If you've been to NYC restaurant Santina, chances are you recall its refreshing Italian cuisine and abundant bright colors. But native New Yorker Ashley Eddie just took over as the executive chef, and you owe yourself a return trip to see how she's shaking things up for fall—like with this take on pumpkin pasta. "Instead of the obvious route of using actual pumpkin, I decided to use pumpkin seeds and oil which both pack a ton of flavor," she says. She then tosses the pesto with gluten-free rigatoni (the entire menu at Santina is free of gluten without hitting you over the head with it; feel free to use your pasta of choice here) and balances it with ricotta salata as the final touch.

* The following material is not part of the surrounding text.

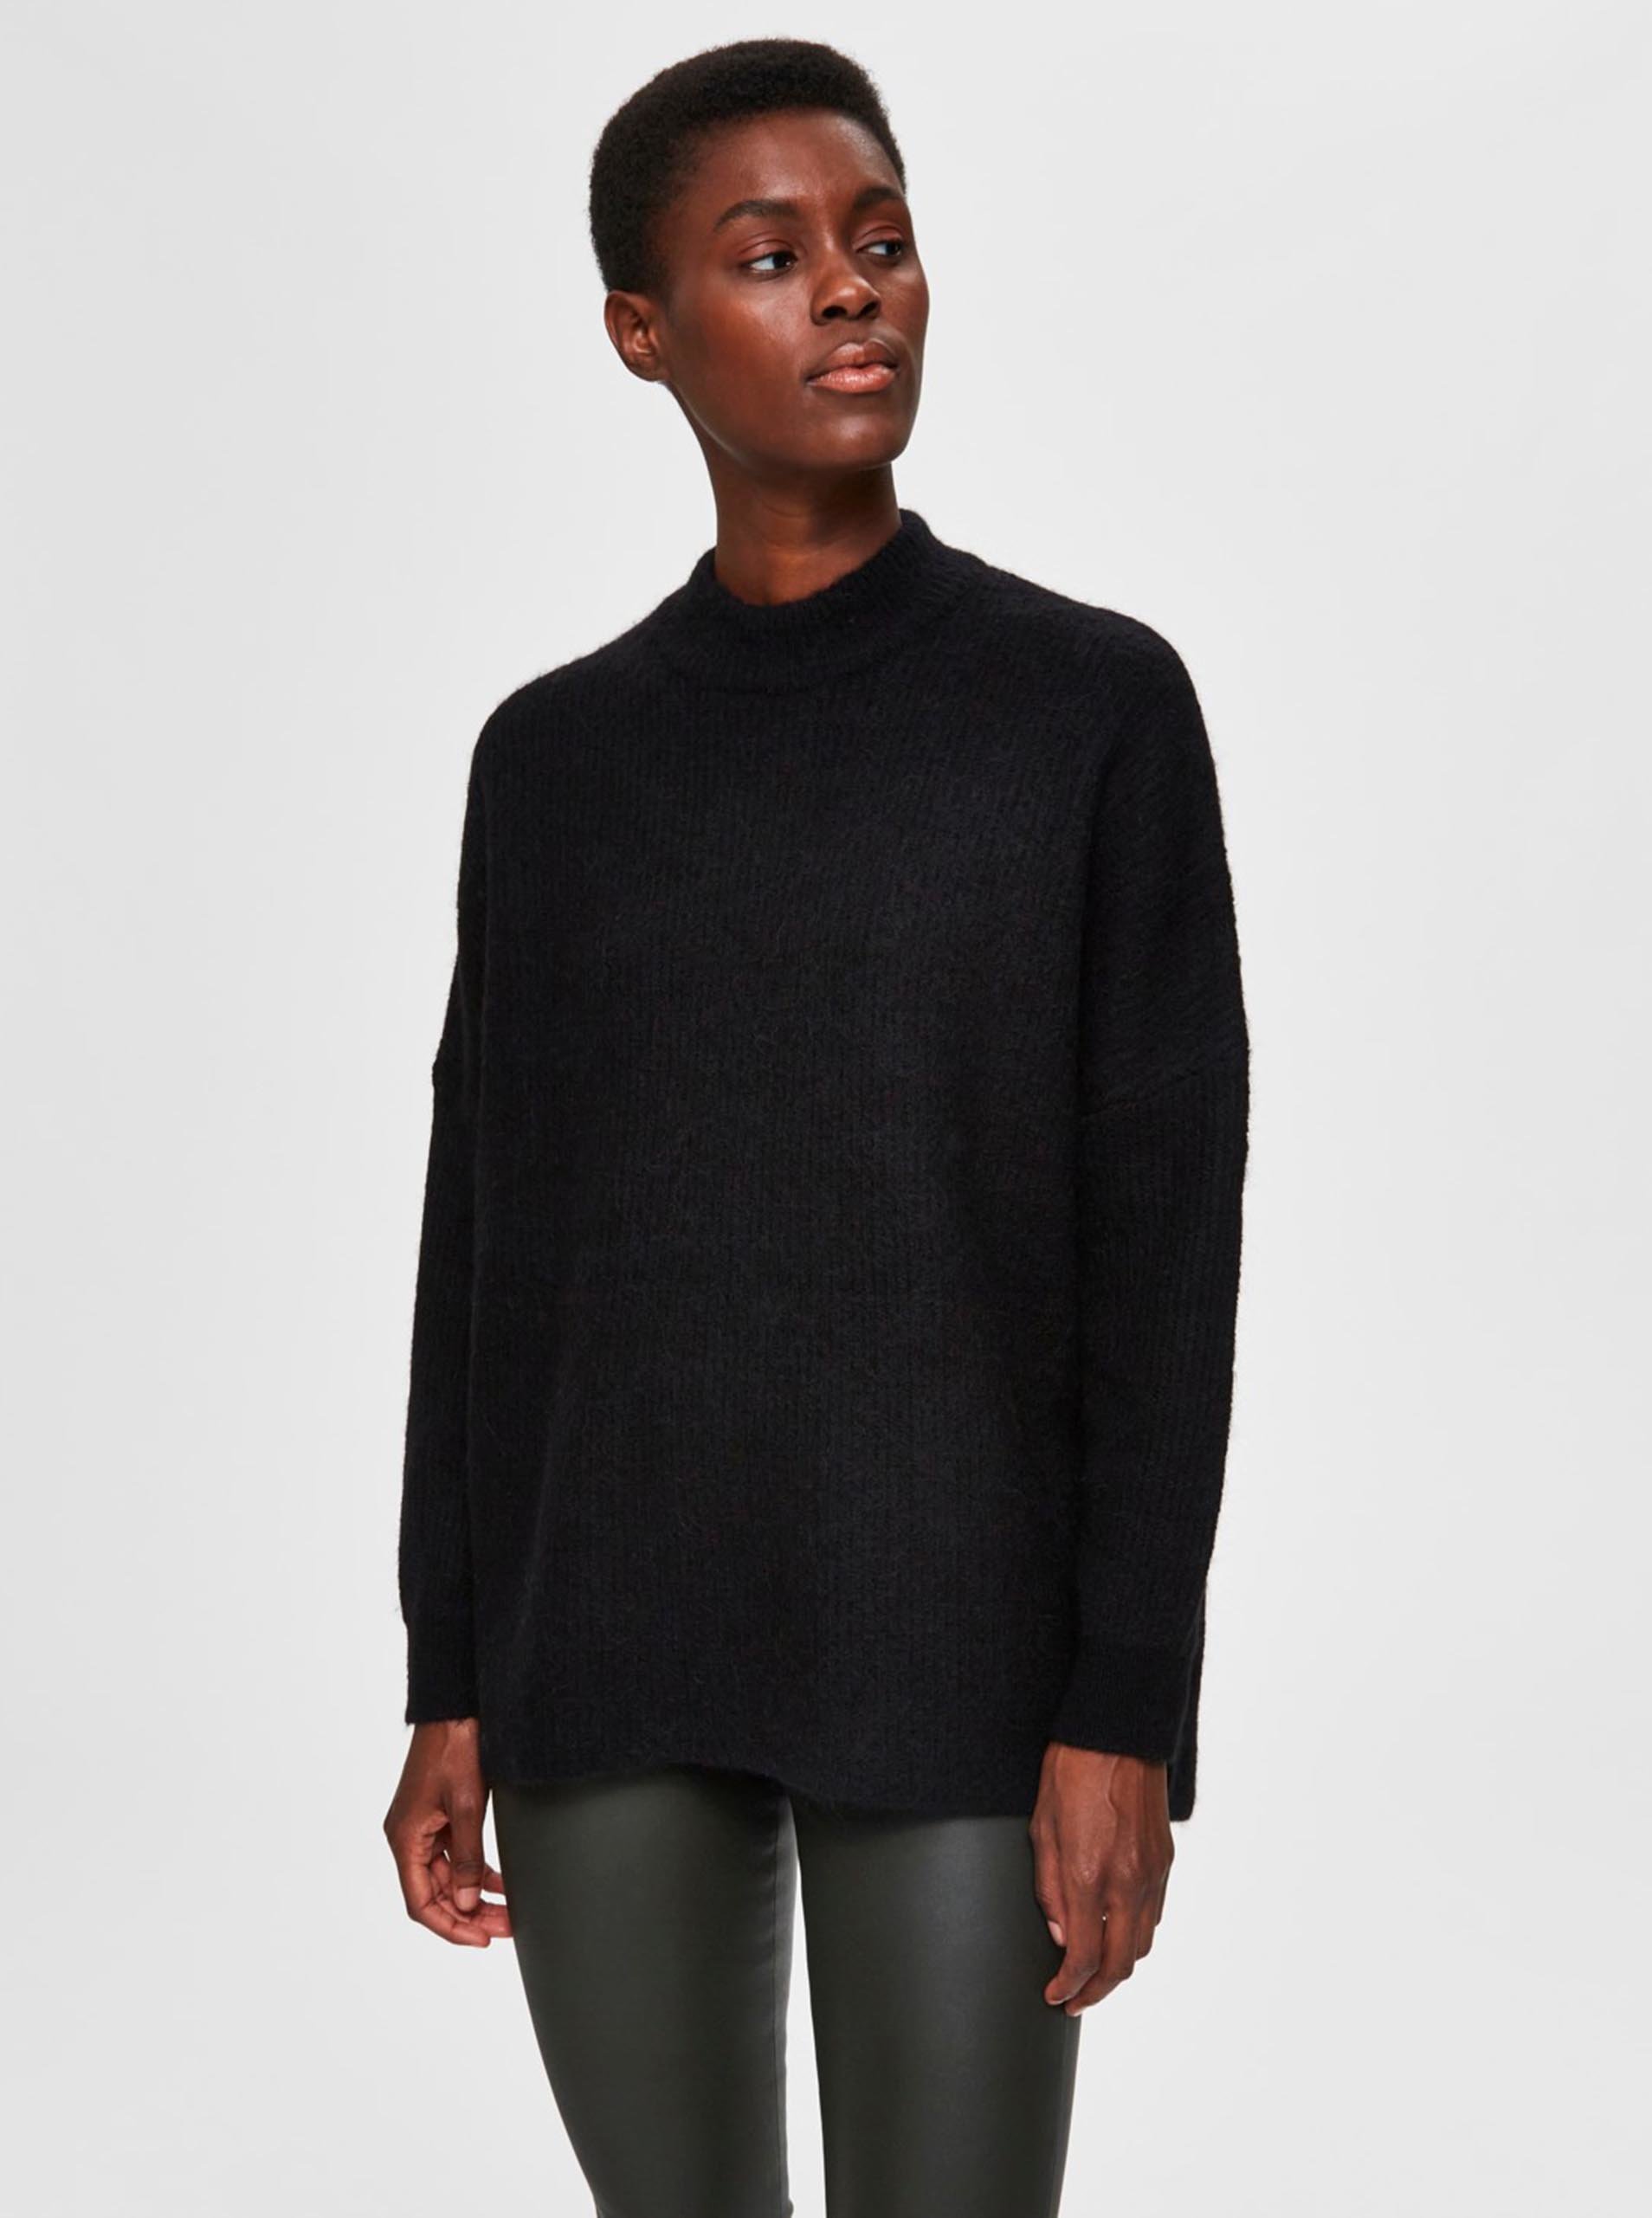 Černý vlněný svetr Selected Femme Lulu

Pumpkin Seed Pesto Rigatoni
Recipe adapted from Ashley Eddie, Santina, New York NY
Yield: 4 to 6 servings
Prep Time: 10 minutes
Cook Time: 20 minutes
Total Time: 30 minutes
For the Toasted Pumpkin Seed Pesto:
1 cup pumpkin seeds, toasted and still warm
1½ cups soffritto
2 tablespoons pumpkin seed oil
1 anchovy fillet
For the Rigatoni:
¼ cup extra-virgin olive oil
4 cloves garlic, sliced
4 anchovy fillets
1 cup fresh parsley, chopped
½ cup toasted pumpkin seed pesto
1 pound gluten-free rigatoni (or sub your pasta of choice)
Juice of 1 lemon, as needed
½ cup grated ricotta salata
1. Make the pesto: Add the pumpkin seeds to the bowl of a food processor and pulse until finely ground. Add the remaining ingredients and process until combined.
2. Make the pasta: Bring a pot of water to a boil and season with salt. Add the pasta and cook until al dente, and make sure to reserve the pasta water.
3. Meanwhile, heat a separate pot over medium heat and add the olive oil, sliced garlic and anchovy fillets. Smash the anchovy into the oil and simmer, 3 to 5 minutes. Add in the parsley and pumpkin seed pesto and stir to combine.
4. Add the pasta into the pot with the pesto, adding some pasta water to achieve the desired consistency, until incorporated and warm. Season with lemon juice and salt to taste, then plate and serve with ricotta salata.